The 1969 Education Act was repealed by the 1978 Education Act (URT, 1978), which centralised school administration and introduced a Commissioner for Education position. The commissioner was responsible for the establishment, coordination, and regulation of new schools (URT, 1978). Furthermore, the Act centralised school curricula and syllabi production under ICD.
The 1978 Education Act re-established School Boards for secondary schools to oversee school administration. The Act also established The Inspectorate Department at the Ministry headquarters, and at regional and district levels for the monitoring and evaluation of school and college activities. Finally, the Act made the registration and
licensing of teachers compulsory. Thus, all teachers in the country were registered, and those who had no formal training were licenced to teach in schools.
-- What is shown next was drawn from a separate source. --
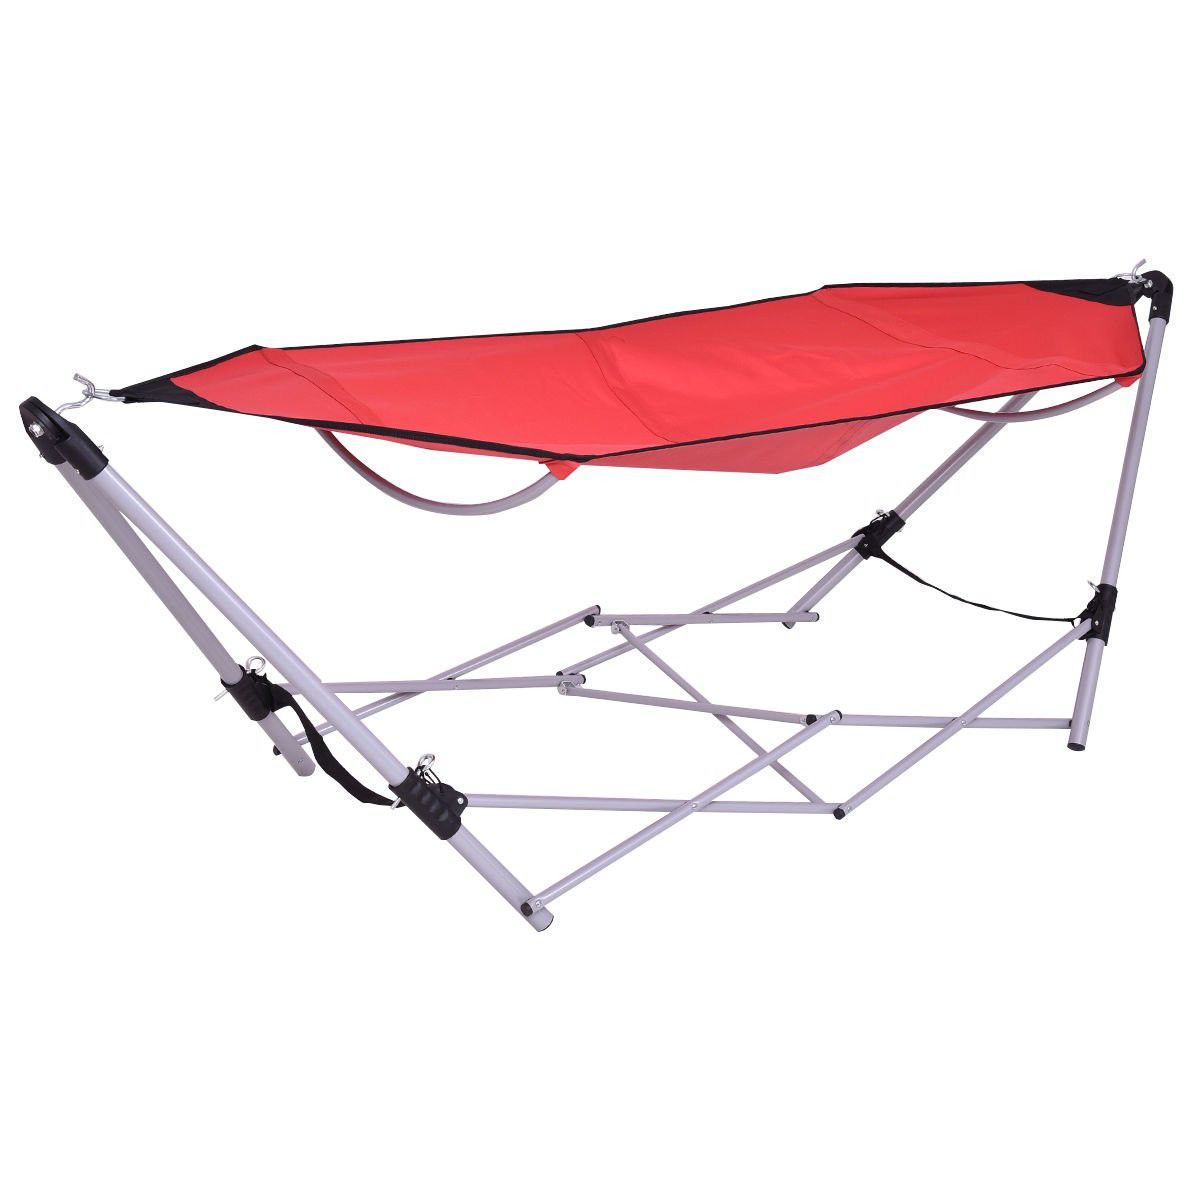 Red Portable Folding Hammock Lounge Camping Bed Steel Frame Stand W/Carry Bag

In the 1970s, Tanzania also experienced some local, national, and global crises, such as deterioration in terms of trade, agricultural stagnation, increases in the price of oil, and the Tanzania-Uganda war that culminated in weak, government fiscal policies (Lugalla, 1995; Meena, 1991). According to Meena, these crises affected the economy as well as the education sector, leading the country to borrow from the World Bank and IMF and selling the government’s gold reserves to finance social services. However, borrowing from IMF was associated with conditions imposed through programmes, such as the Structural Adjustment Programme (SAP), which I discuss below.